Because then less people would buy it.

maflynn
Jan 6, 2013, 07:54 AM
That the RAM is soldered and you can't upgrade the machine post-purchase?

Why don't they also mention the MBA (and rMBP) uses proprietary SSDs? Most consumers who buy these things generally don't upgrade the ram after the affect. It impacts them very little and why state something that could be viewed negatively. That is they want to sell laptops and pointing out some negative things won't help them in that endeavor.

nissan.gtp
Jan 6, 2013, 07:55 AM
That the RAM is soldered and you can't upgrade the machine post-purchase?

It's not prominent, but they do say this:

Every MacBook Air comes with 4GB of memory built into the system. If you feel you may need 8GB in the future, it is important to upgrade at the time of purchase, as RAM is not upgradeable in this model.

Abazigal
Jan 6, 2013, 07:58 AM
Because then less people would buy it.

Methinks this might actually encourage more people to opt for the ram upgrade. :p

Johnny Alien
Jan 6, 2013, 08:07 AM
Methinks this might actually encourage more people to opt for the ram upgrade. :p

It would have little impact either way because (as maflynn,Demi-God pointed out) the average consumer (ie the literal bulk of Apple buyers) don't ever buy a computer assuming they will upgrade the ram by themselves. Every purchase they make is on the assumption that the ram they get will be the ram they live with for the lifespan of the computer.

James Craner
Jan 6, 2013, 09:14 AM
I have bought around 8 different Macs in the last 11 years, and I have never upgraded the RAM after the initial purchase, sometimes I have bought 3rd Party RAM at the time of purchase, but generally by the time I needed to upgrade the RAM I would replace the entire machine. My last Desktop was a Mac Pro that I bought in 2006 and still has 4GB of Ram that I purchased when I first got the machine. Still runs today as well as it did when I first bought it.

bobr1952
Jan 6, 2013, 09:21 AM
I have bought around 8 different Macs in the last 11 years, and I have never upgraded the RAM after the initial purchase, sometimes I have bought 3rd Party RAM at the time of purchase, but generally by the time I needed to upgrade the RAM I would replace the entire machine. My last Desktop was a Mac Pro that I bought in 2006 and still has 4GB of Ram that I purchased when I first got the machine. Still runs today as well as it did when I first bought it.

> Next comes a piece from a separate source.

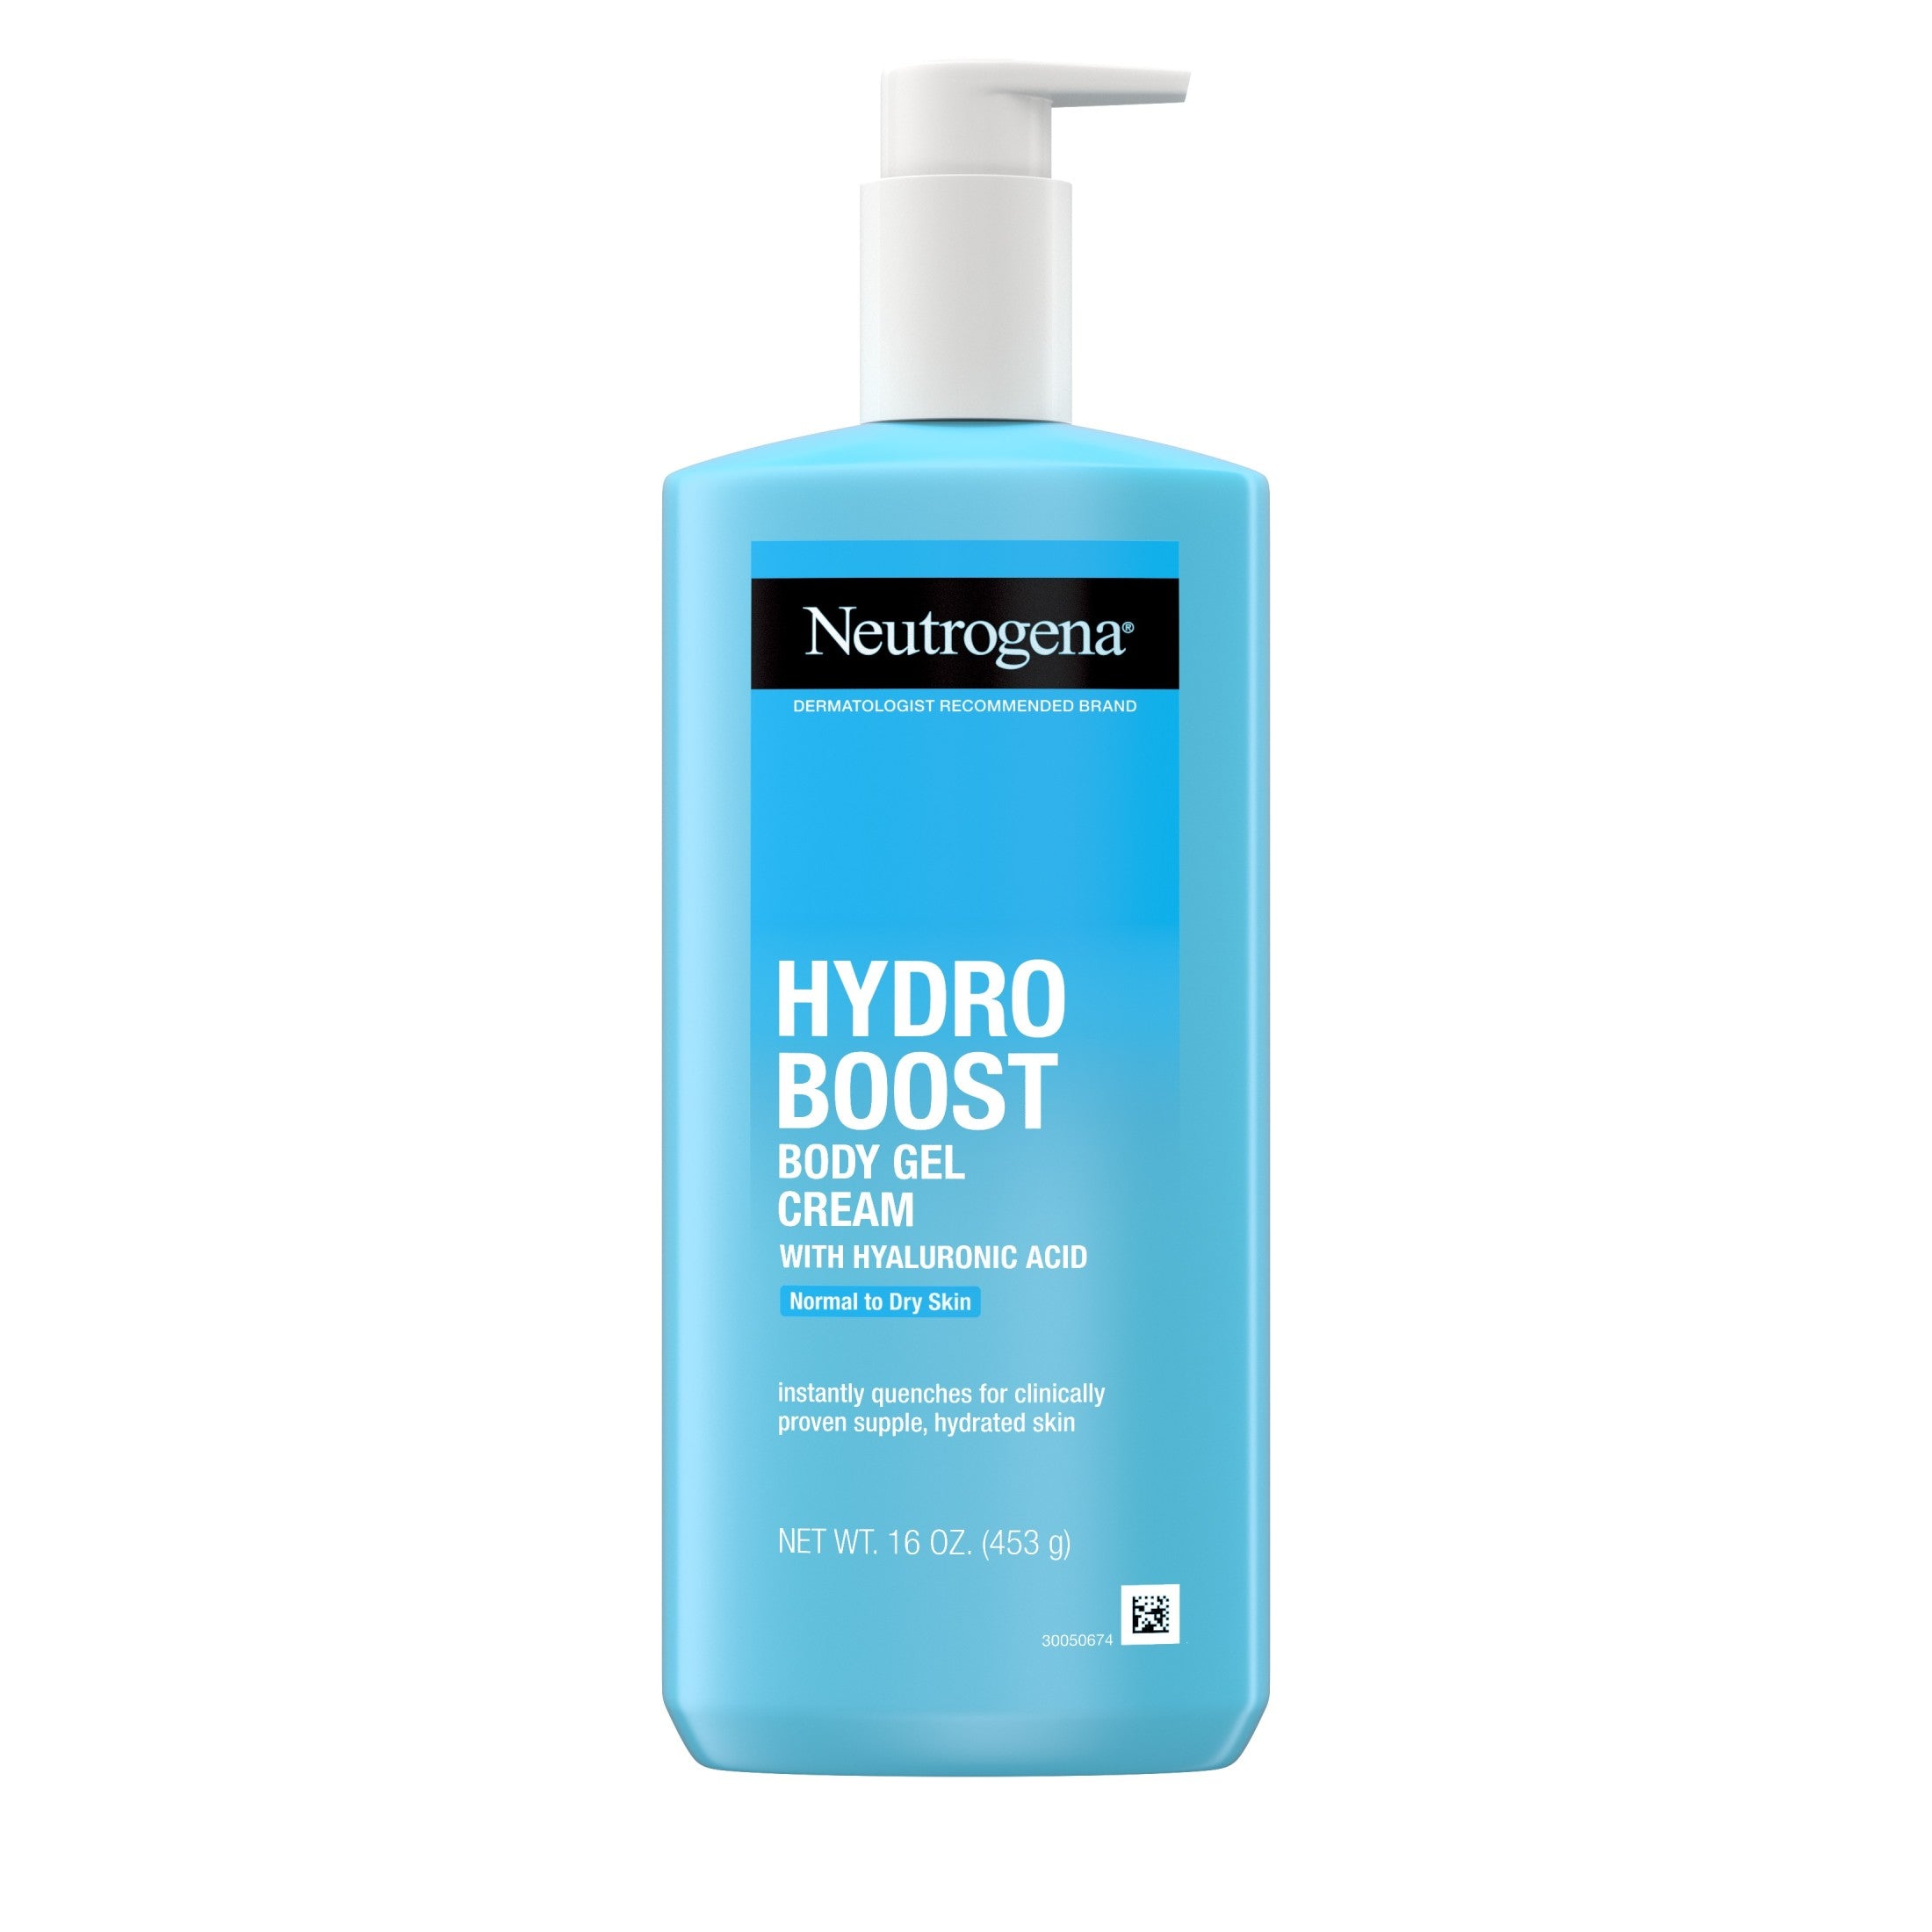 Neutrogena Hydro Boost Body Gel Cream with Hyaluronic Acid, 16 oz | MTTS263

That's me too. I am certainly capable and have done so in the past with PCs but I am perfectly content with the configuration when I buy and really have no plans to change anything on my 2008 iMac--still running with 2GB of RAM--and I am happy with the base configuration of my rMBP. I have to agree with many that most Apple customers--excepting many on this forum--don't care about upgrading so it is just not worthy of headline news on the specs page.

Paulywauly
Jan 6, 2013, 09:31 AM
We might not like having soldered RAM, but to be quite frank we are in a minority. 90% of folk dont care or even realise it was ever an option.

Mrbobb
Jan 6, 2013, 09:33 AM
That the RAM is soldered and you can't upgrade the machine post-purchase?

Because as everything else in life, u have to ask.

yanksrock100
Jan 6, 2013, 01:12 PM
Because most people don't care, and 99% won't upgrade anyway.

Seamaster
Jan 6, 2013, 03:44 PM
I've never upgraded any Mac I've owned in twenty years. If I wanted to deal with all that stuff, I'd buy a PC clone.

Abazigal
Jan 6, 2013, 04:06 PM
Because most people don't care, and 99% won't upgrade anyway.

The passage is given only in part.